What is the design matrix for a Fourier cosine series expansion with \(N_p\) terms (plus a constant)?

Hint

If \(f(x)\) is an even function with period \(2L\), a Fourier cosine expansion of \(f(x)\) with \(N_p\) terms (plus a constant) takes the form

\[ f(x)= \frac{a_0}{2} + \sum_{n=1}^{N_p} a_n \cos(\frac{n \pi x}{L}), \]

where the \(a_n\) are to be determined.

Answer

For convenience, let \(\omega = \pi/L\). Then the design matrix is:

(8.10)\[\begin{equation} \begin{bmatrix} 1 & \cos(\omega x_1) & \cos(2\omega x_1) & \dots & \cos(N_p \omega x_1) \\ 1 & \cos(\omega x_2) & \cos(2\omega x_2) & \dots & \cos(N_p \omega x_2) \\ 1 & \cos(\omega x_3) & \cos(2\omega x_3) & \dots & \cos(N_p \omega x_3) \\ \vdots & \vdots & \vdots & \ddots & \vdots\\ 1 & \cos(\omega x_{N_d}) & \cos(2\omega x_{N_d}) & \dots & \cos(N_p \omega x_{N_d}) \\ \end{bmatrix} \end{equation}\]

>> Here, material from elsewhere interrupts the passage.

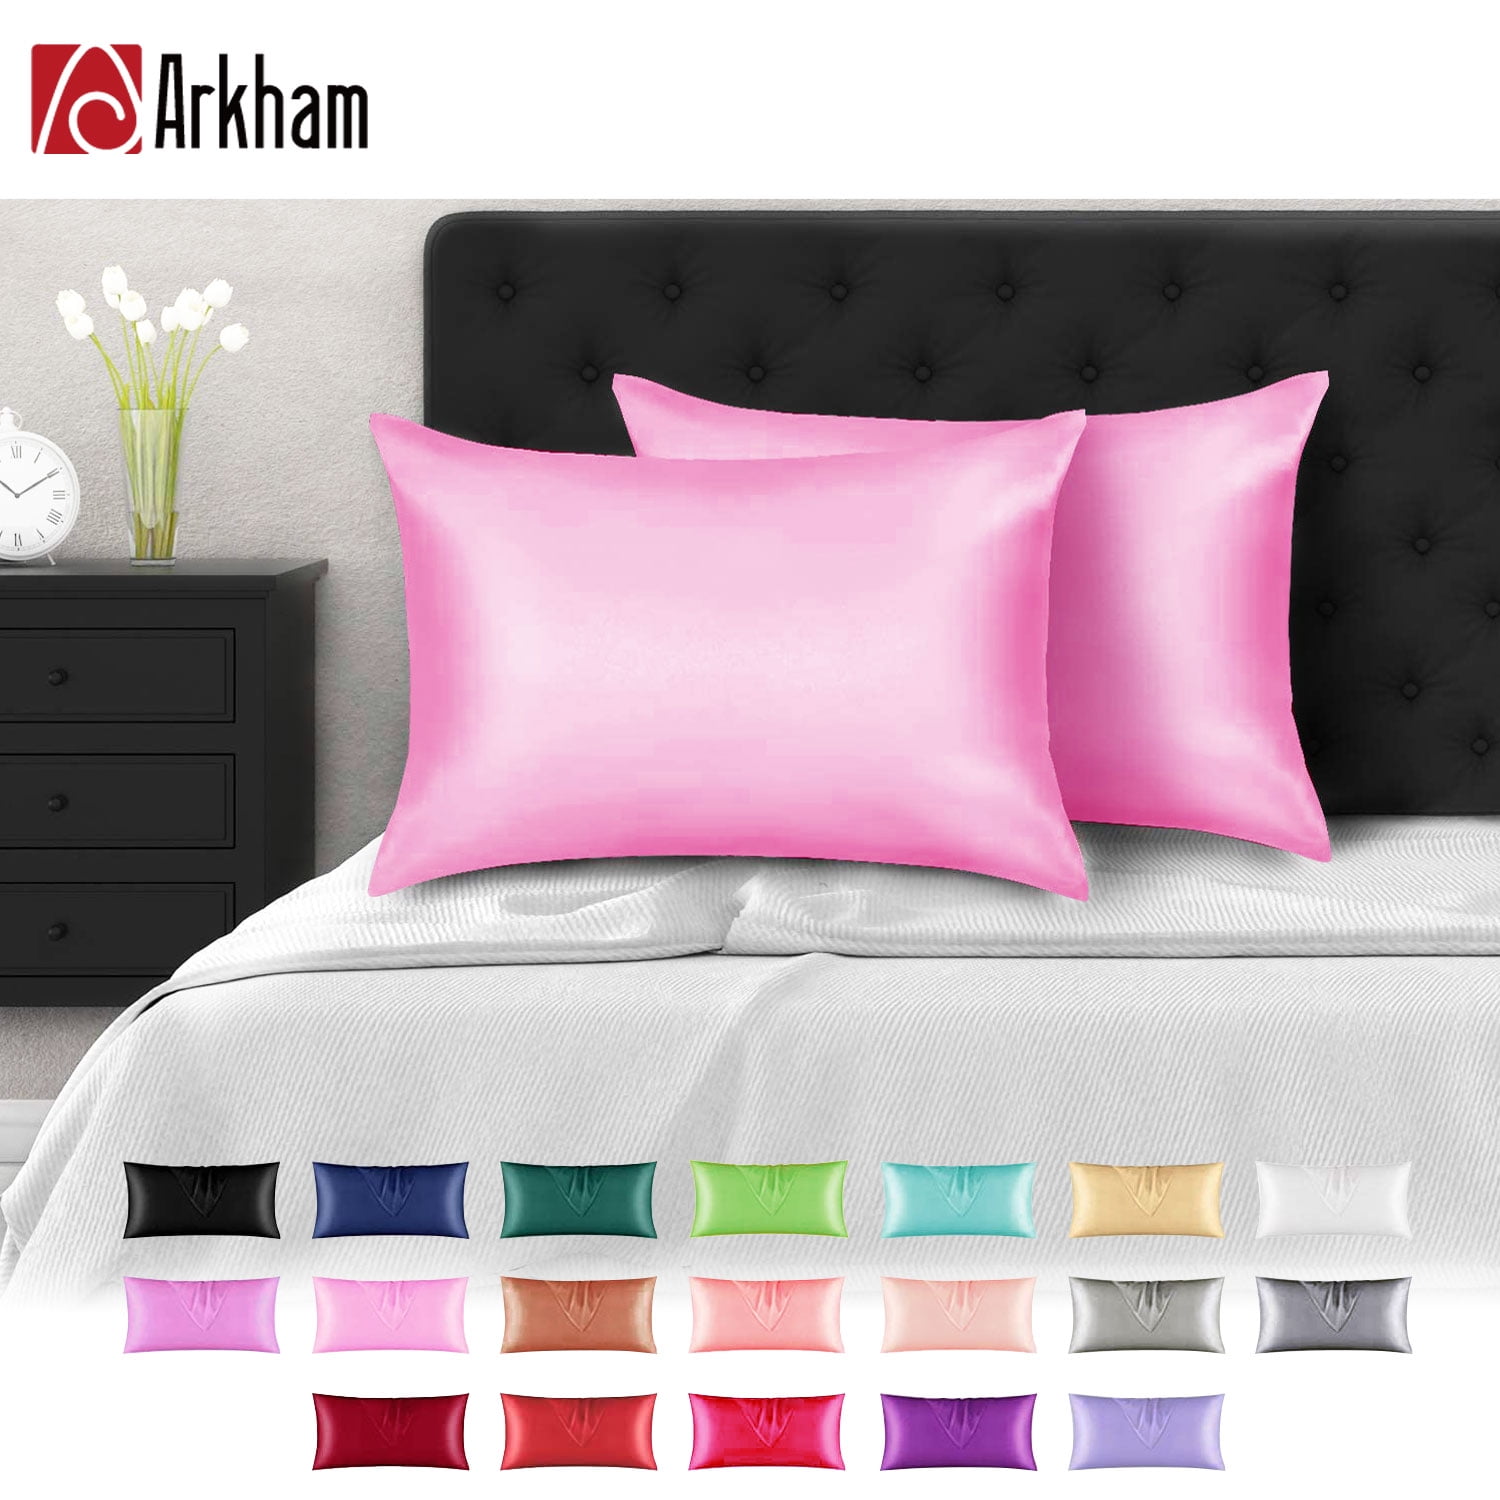 Details about   Standard Queen King Satin Silky Fiber Pillowcase Pillow Case Cover Home Bedding

Next, using the column vector \(\parsLR\) for the parameters,

(8.11)\[\begin{equation} \parsLR = [\paraLR_0,\paraLR_1, \paraLR_2,\dots, \paraLR_{N_p-1}]^T, \end{equation}\]

we can write the general (additive) statistical model

(8.12)\[ \data = M(\parsLR) + \delta \data + \delta M. \]

with \(M(\parsLR) \rightarrow M(\parsLR; \inputt)\) as the matrix equation

(8.13)\[ \data = \dmat \parsLR + \residuals. \]

The last term \(\residuals\) is a column vector of so-called residuals. This term includes both the data uncertainty \(\delta\data\) and the model uncertainty \(\delta M\), i.e., it expresses the part of the dependent variable, for which we have data, that we cannot describe using a linear model. Formally, we can therefore write \(\residual_i = y_i - M_i\) and define the vector \(\residuals\) as

(8.14)\[\begin{equation} \residuals = [\residual_1,\residual_2, \residual_3,\dots, \residual_{N_d}]^T. \end{equation}\]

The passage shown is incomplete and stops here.